If the prompt is clear, the model usually does a good job. But if you need more complicated behaviour (like formatting, style, etc), you end up tinkering with the prompt a lot:

Adding examples inside the prompt (few-shot prompting)
Adding system messages (“You are an expert ticket classifier”)
Asking for step-by-step reasoning (chain-of-thought prompting)
Adjusting temperature or other settings
Rewriting the text dozens of times

This trial-and-error can be time-consuming. Even then, the model might not behave perfectly on every input.

What Is Fine-Tuning?

Fine-tuning adjusts the LLM’s internal parameters by further training it on a dataset specific to the task. This process refines the model’s understanding, making it more adept at handling specialised inputs. For example, fine-tuning an LLM on a dataset of legal questions and answers can improve its ability to answer in this domain.

Think of fine-tuning like tutoring a student. You give the student homework problems (examples) and the correct solutions. Over time, the student learns exactly how to solve these problems, so whenever you give a new problem, the student knows what to do.

Since the model learns from examples, the prompt is usually much simpler. Instead, effort is put into building a representative dataset of input-output pairs that will help the LLM learn the nuances of the task at hand.

Applied Example: Labelling ComplyAdvantage data

At ComplyAdvantage, we process billions of records to identify and group real-world entities: individuals, companies, or organisations that appear in media articles, government databases, and more. One critical step in our data pipeline is Entity Resolution (ER): deciding whether two records refer to the same person or not. For instance, records like:

“John A. Smith, born 1985, London”
“Jonathan Smith, DOB 1985-03-12, UK”

might represent the same individual or completely different people. Deciding this requires evaluating contextual clues like name rarity, birth dates, addresses, affiliations, etc.

The Human Annotation Bottleneck

To evaluate ER algorithms, we rely on labelled datasets. Since full cluster annotations are impractical at scale, we simplify the task to pairwise comparisons: given two records, a human annotator decides if they refer to the same real-world person or not.

This manual labelling process is slow and expensive. Each decision depends on nuanced reasoning: Is the name variation acceptable? Is the missing field critical? Does this affiliation provide a strong enough link?

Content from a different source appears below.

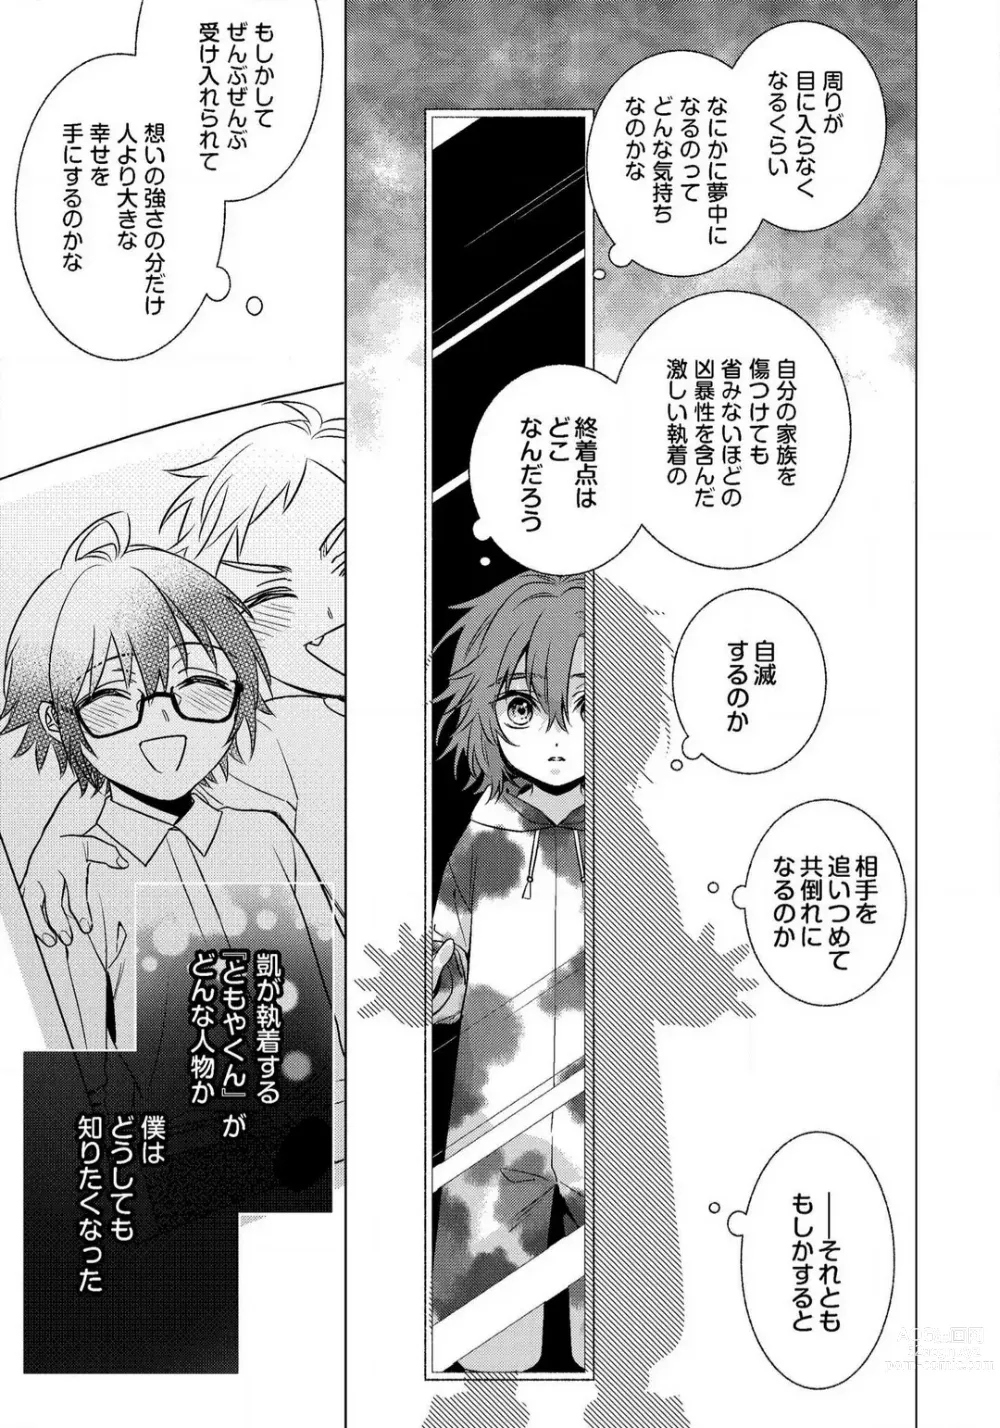 Page 23 of manga Ijimerare - Onna

Attempt 1: Prompt Engineering

Our first idea was to use prompt engineering, because it’s quick to try:

We wrote prompts like: “You are an expert in entity resolution. Given these two records, decide if they refer to the same person. Consider name variations (e.g., John vs. Jonathan), dates of birth, locations, and affiliations. Answer exactly ‘Linked’ or ‘Not Linked’ and briefly explain your reasoning.”
We tested this on different examples. The model did great on obvious cases (e.g., identical names and birth dates). As soon as we hit borderline cases (slightly different spellings, missing fields, ambiguous affiliations), no amount of prompt tweaking solved everything. We tried:
- Adding multiple few-shot examples inside the prompt.
- Asking for step-by-step reasoning (“First check if names match, then dates…”).
- Adjusting the temperature to make the model more or less “creative.”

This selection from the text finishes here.